> _Materials provided_
———

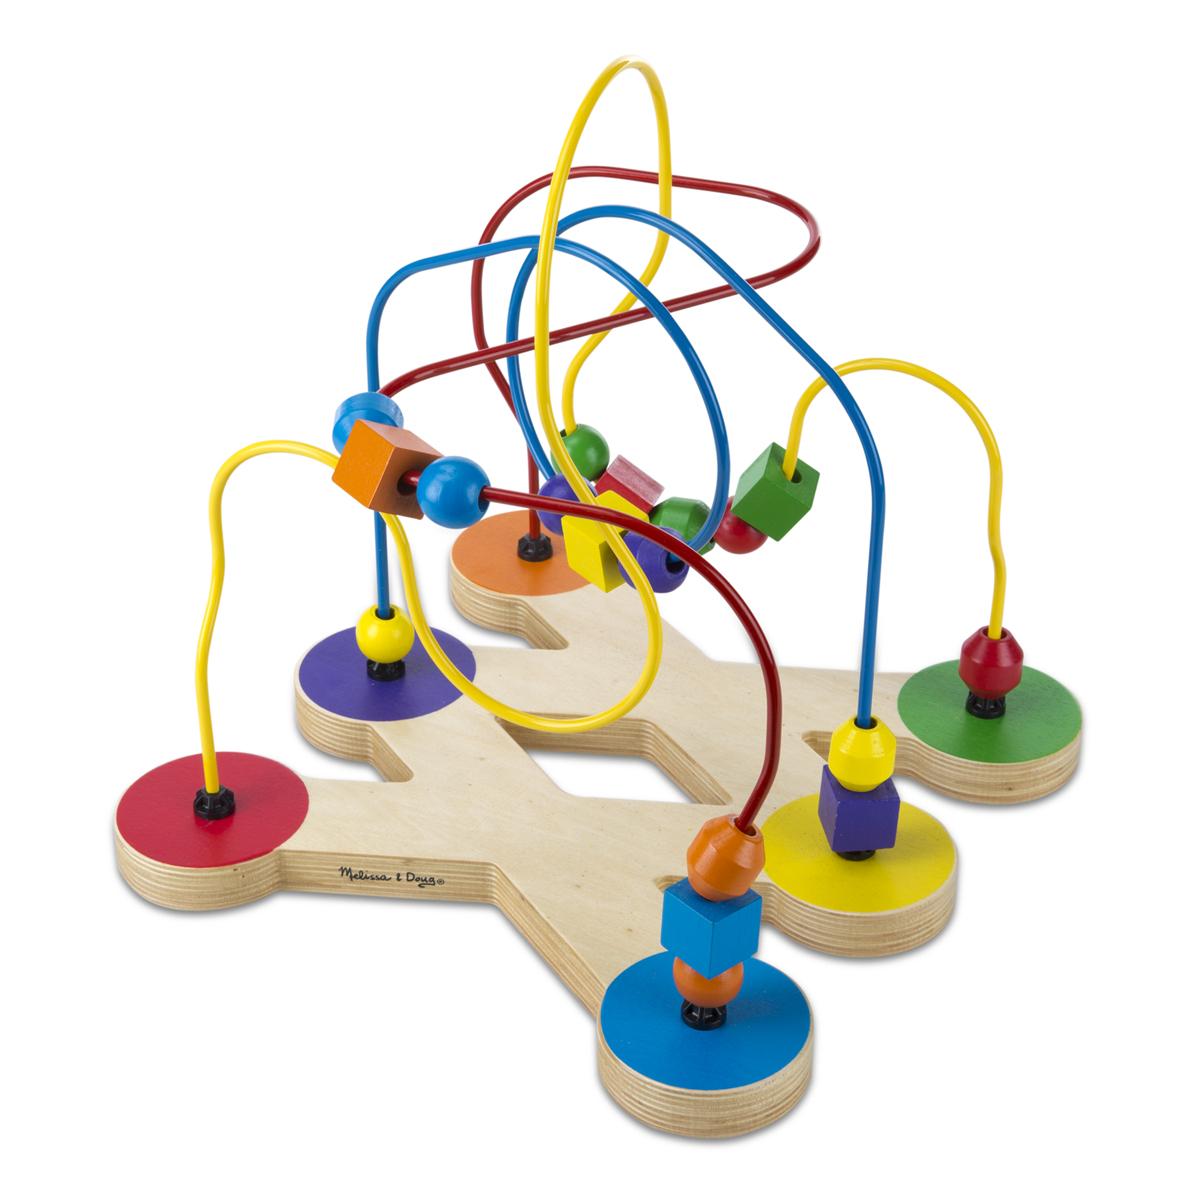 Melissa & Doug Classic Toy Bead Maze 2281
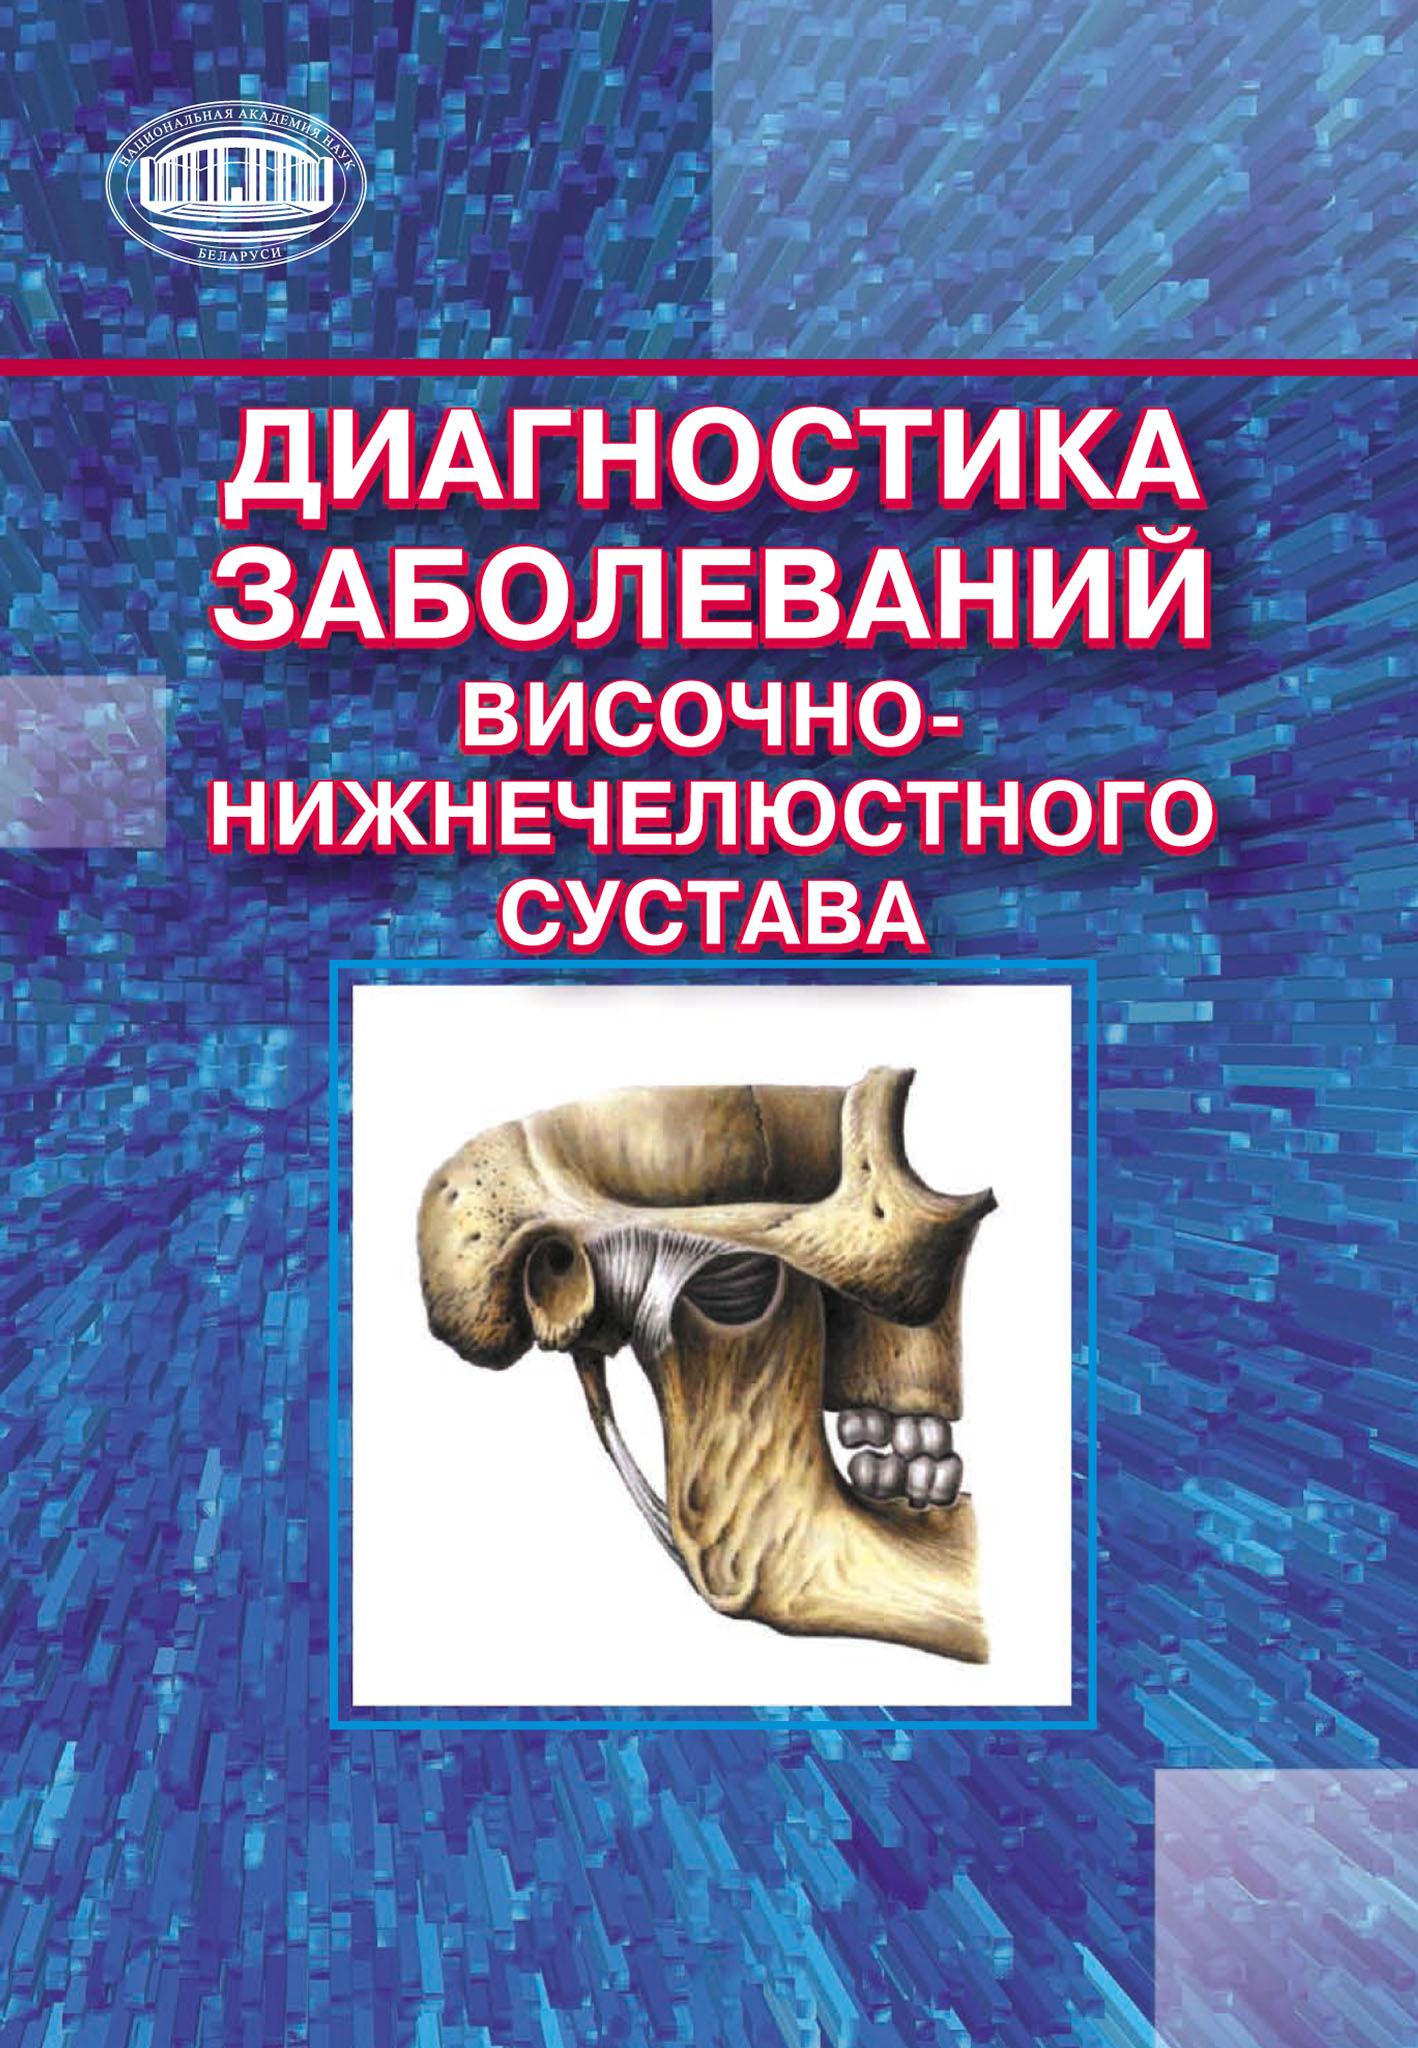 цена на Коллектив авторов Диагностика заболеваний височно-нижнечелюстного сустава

———

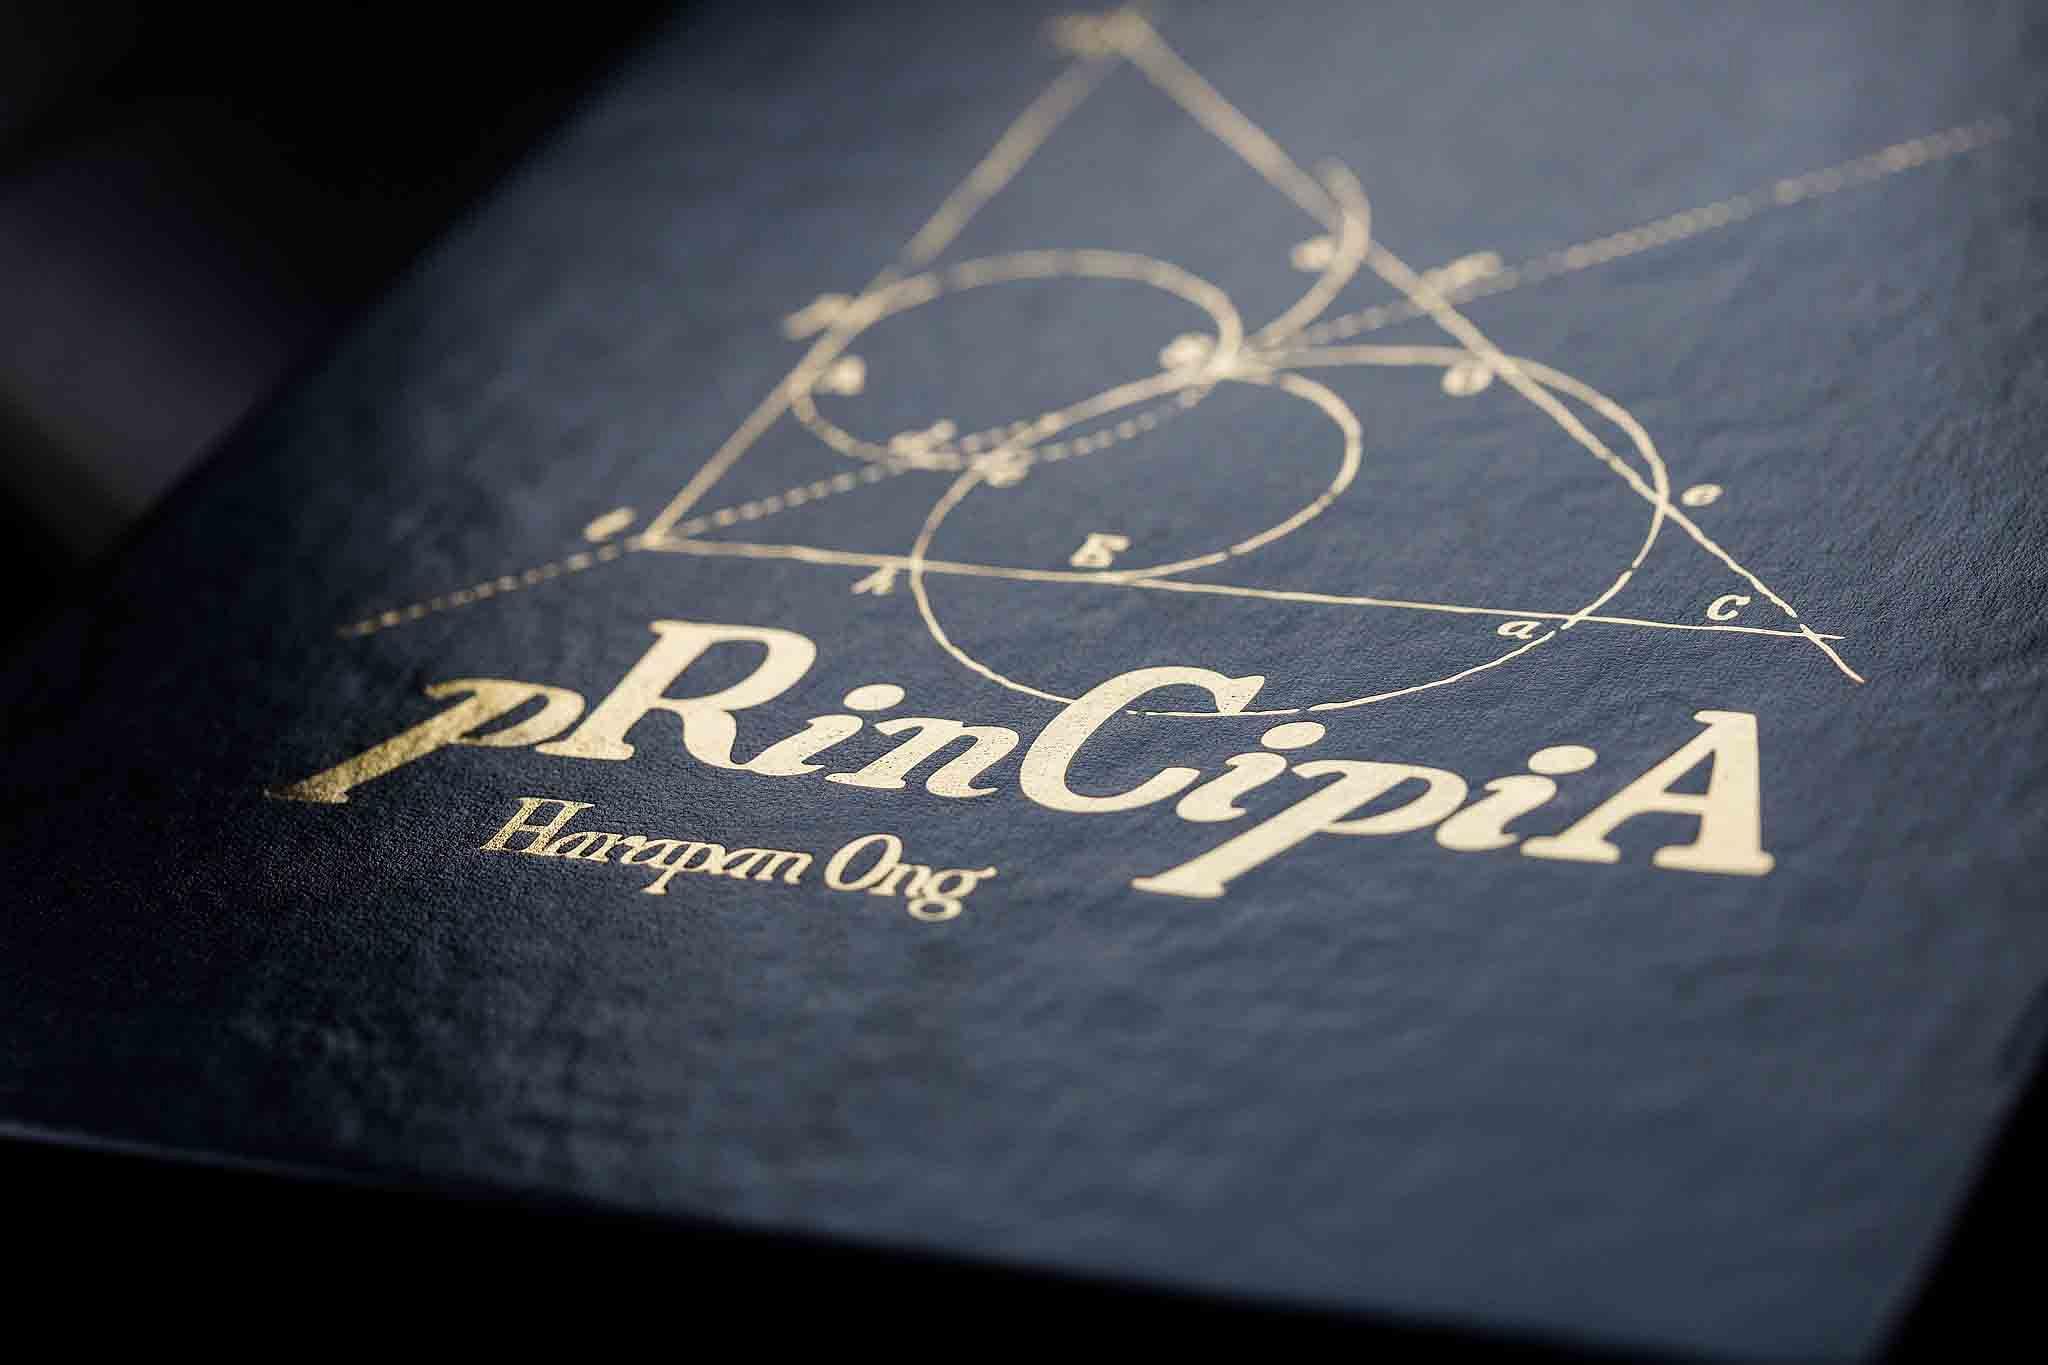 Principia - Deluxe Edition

———

> _Work instructions_
An exact copy is needed. It runs from the line above containing "Melissa & Doug Classic Toy Bead Maze 2281" down to the line containing "цена на Коллектив", both included, with no pictures.

> _Task output_
 Melissa & Doug Classic Toy Bead Maze 2281
 цена на Коллектив авторов Диагностика заболеваний височно-нижнечелюстного сустава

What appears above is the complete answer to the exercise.